Screening for tuberculosis by tuberculin skin test or interferon-gamma release assay prior to immunosuppression is particularly important and discussed in detail separately. (See "Use of interferon-gamma release assays for diagnosis of tuberculosis infection (tuberculosis screening) in adults" and "Tuberculosis in solid organ transplant candidates and recipients" and "Risk of mycobacterial infection associated with biologic agents and JAK inhibitors".)
PATHOGENS — The differential diagnosis of pulmonary infections in the immunocompromised host is broad. The following discussion addresses some of the most common pathogens that should be considered in the differential diagnosis.
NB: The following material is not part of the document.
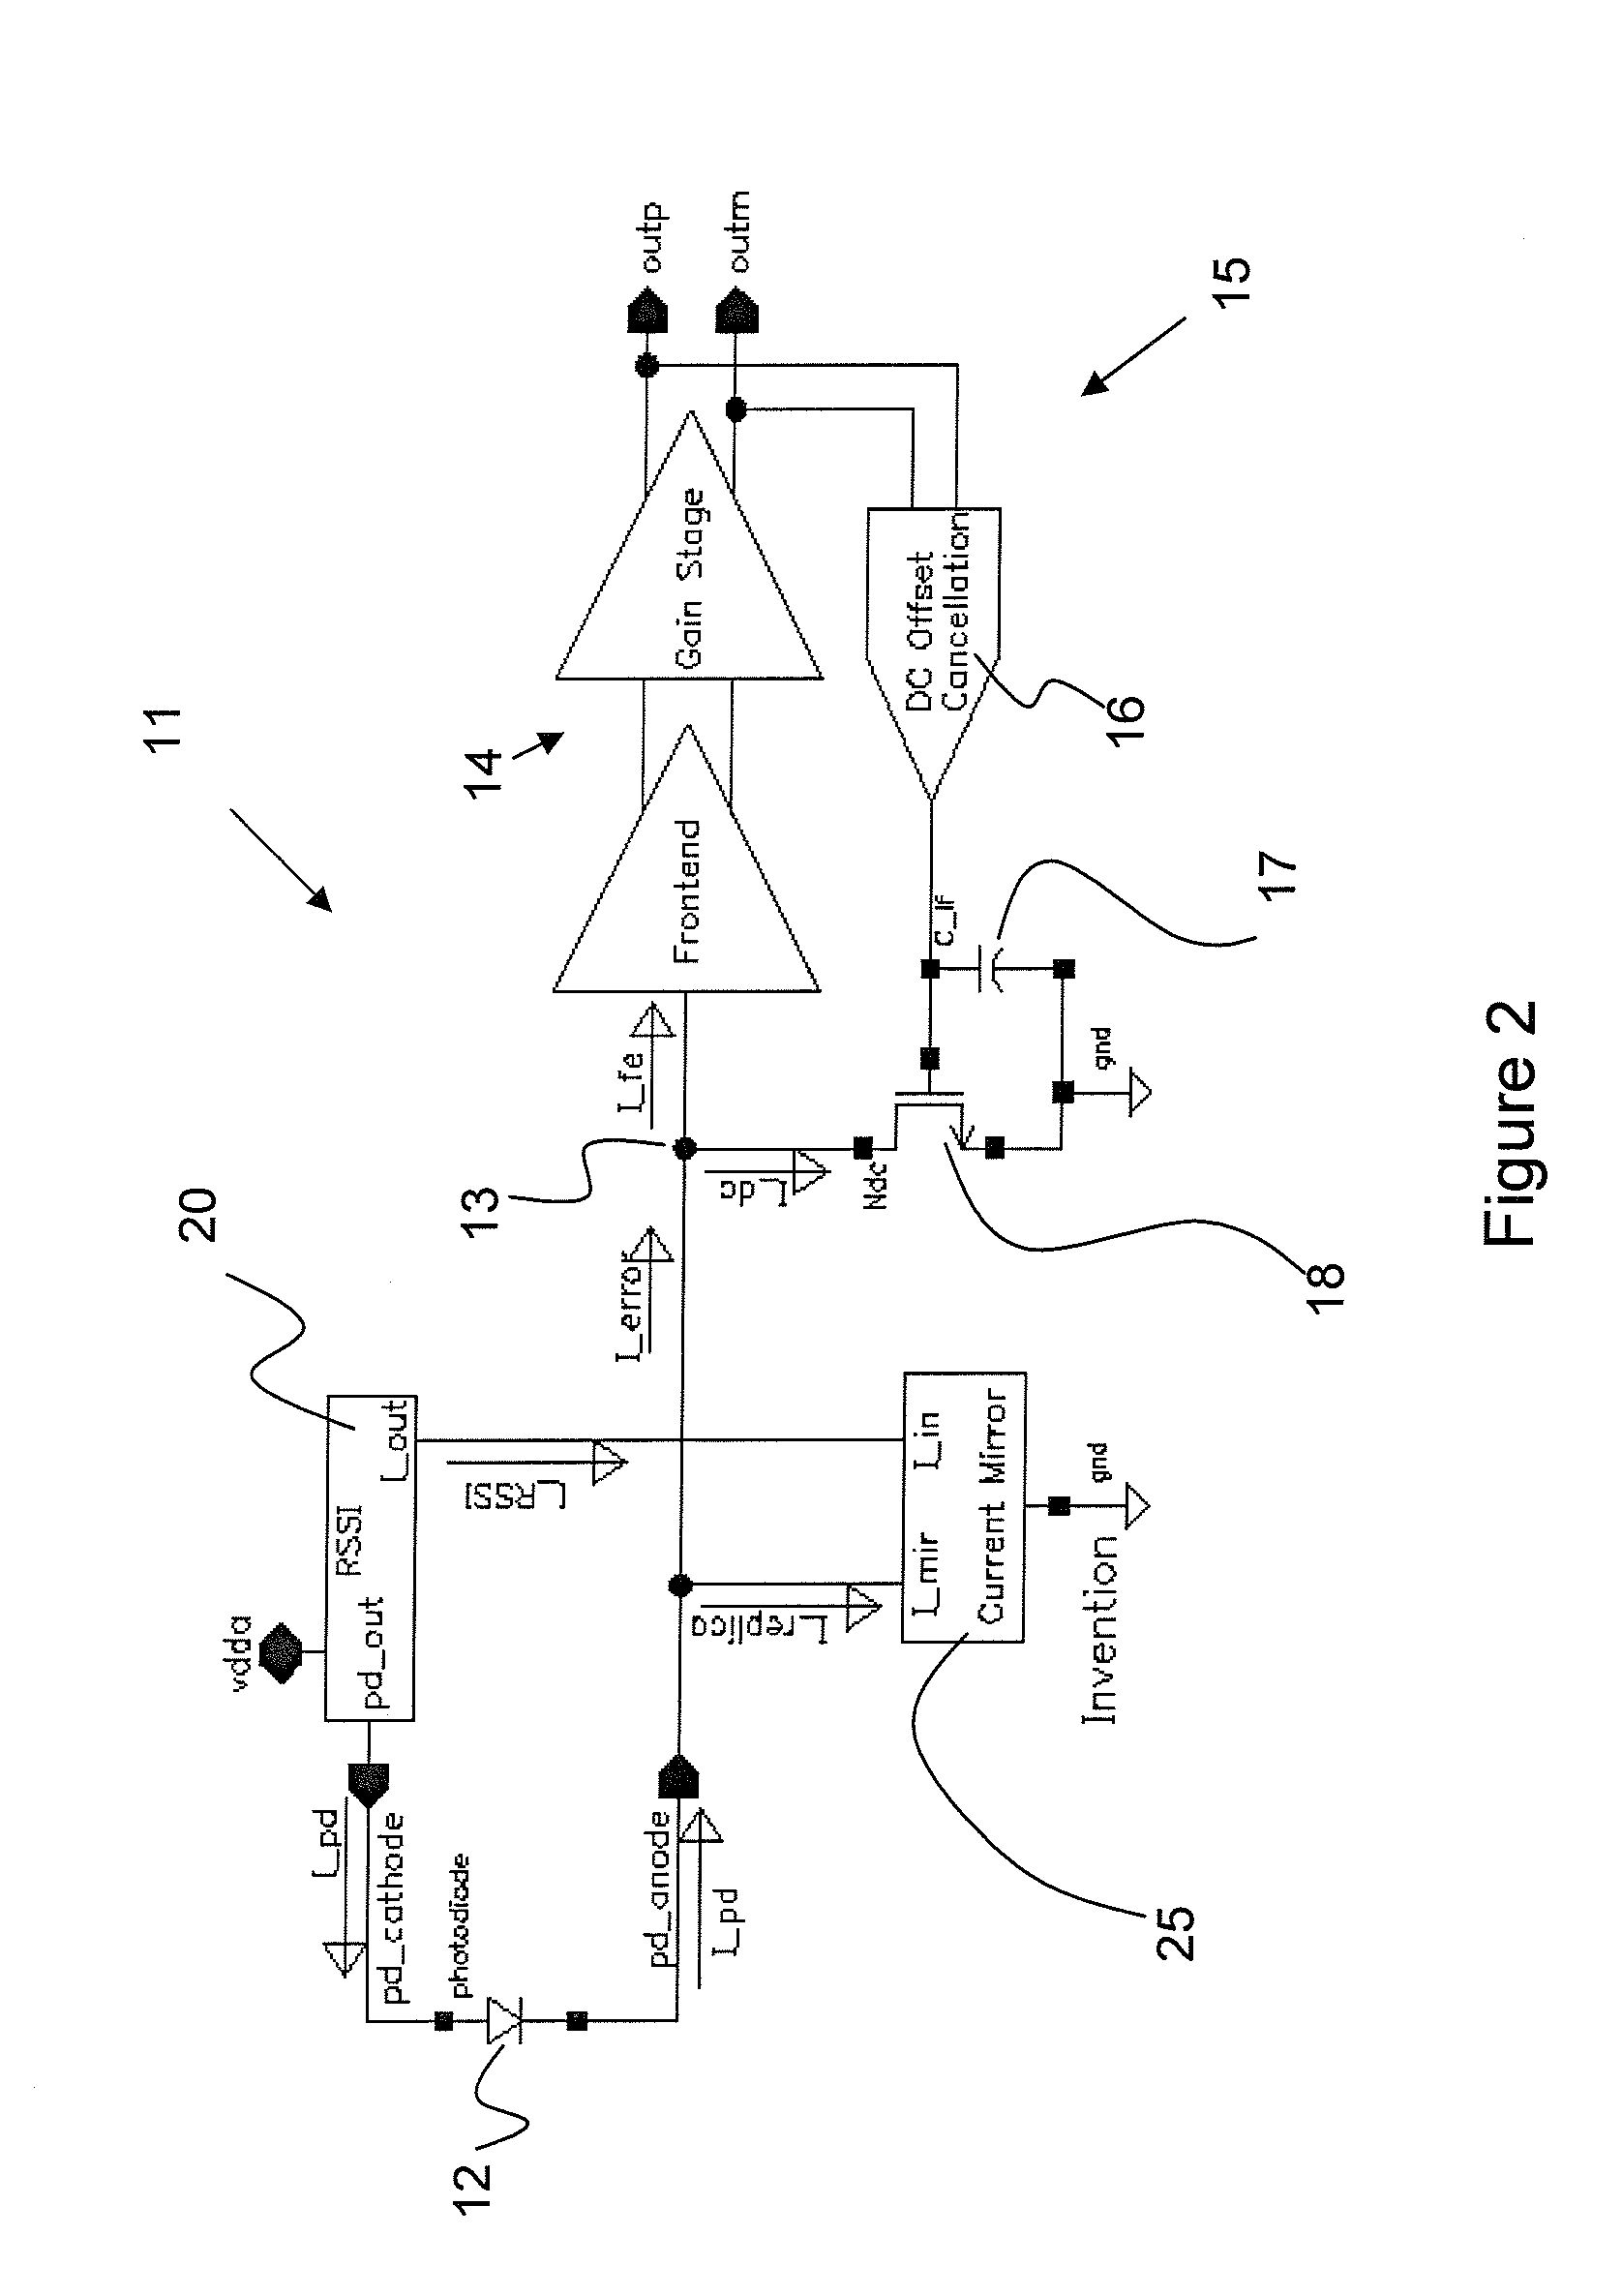 DC Offset Cancellation For A Trans-Impedance Amplifier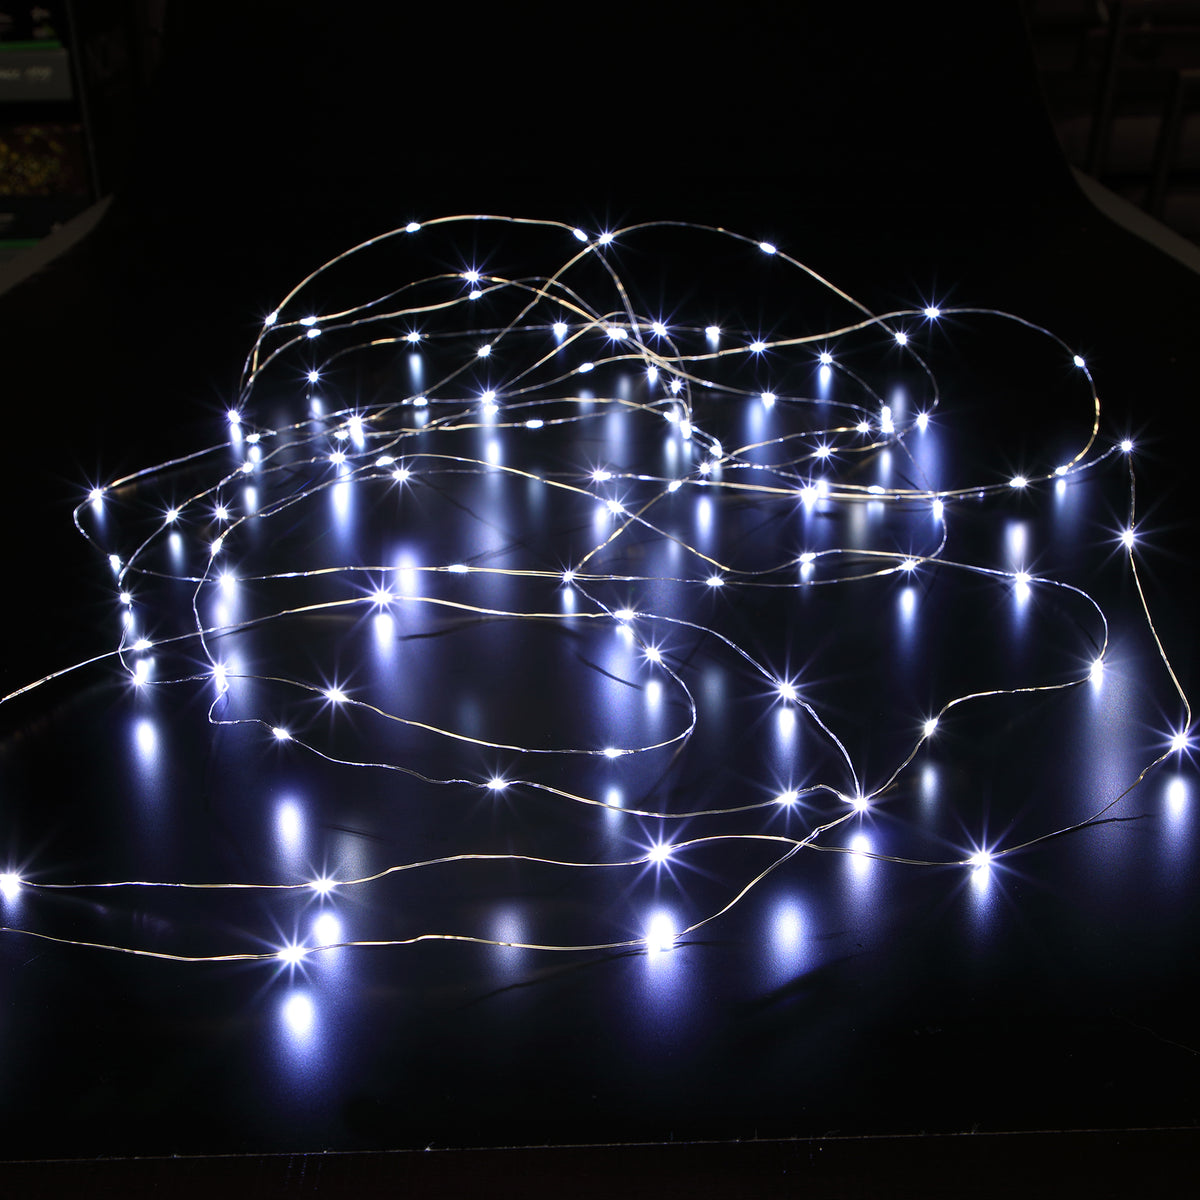 Noma Christmas Fit &amp; Forget Bright White Micro Wire LED String Lights - Battery Operated

Bacteria — Community-acquired pathogens include S. pneumoniae, Haemophilus influenzae, Mycoplasma, Legionella, Chlamydia, and others. Distinction between community-acquired and nosocomial pathogens may be less meaningful as antimicrobial resistance increases [21]. (See "Epidemiology, pathogenesis, and microbiology of community-acquired pneumonia in adults".)
In a retrospective review of patients diagnosed with tuberculosis at Memorial Sloan-Kettering Cancer Center, patients with hematologic neoplasms and head and neck cancer had rates of tuberculosis 40 and 20 times greater than the rate among the United States population, respectively [24]. Thus, tuberculosis must be considered in these patients with pulmonary infiltrates.
The nature and time course of immunosuppression is also an important factor to consider. Acute neutropenia may provoke the rapid onset of infection due to invasive nosocomial or colonizing organisms (eg, Pseudomonas, Aspergillus). Successful empiric therapy generally includes agents active against organisms previously identified in the individual. (See "Treatment of neutropenic fever syndromes in adults with hematologic malignancies and hematopoietic cell transplant recipients (high-risk patients)" and "Treatment and prevention of neutropenic fever syndromes in adult cancer patients at low risk for complications".)
Fungi — The three most important causes of fungal pulmonary infection are Pneumocystis jirovecii, Aspergillus species (especially A. fumigatus), and C. neoformans [2,25-34]. These agents require early targeted therapy for successful outcomes.
Pneumocystis jirovecii — P. jirovecii pneumonia is one of the most common pulmonary infections in immunocompromised patients. Risk is greatest during the first six months after organ transplantation, with prolonged neutropenia, during periods of intense immunosuppression, and with systemic glucocorticoid use [25-28,35]. The natural reservoir of infection remains unknown. Aerosol transmission of infection has been demonstrated in animal models [36,37]. Clusters of infections have been documented in HIV-infected patients, renal transplant recipients, and patients with hematologic malignancies; one genotyping study showed that person-to-person transmission could occur in these settings but is uncommon [38]. Both new exposures and reactivation of undertreated prior infections remain significant factors in the incidence of disease in immunocompromised hosts. (See "Epidemiology, clinical presentation, and diagnosis of Pneumocystis pulmonary infection in patients with HIV" and "Epidemiology, clinical manifestations, and diagnosis of Pneumocystis pneumonia in patients without HIV".)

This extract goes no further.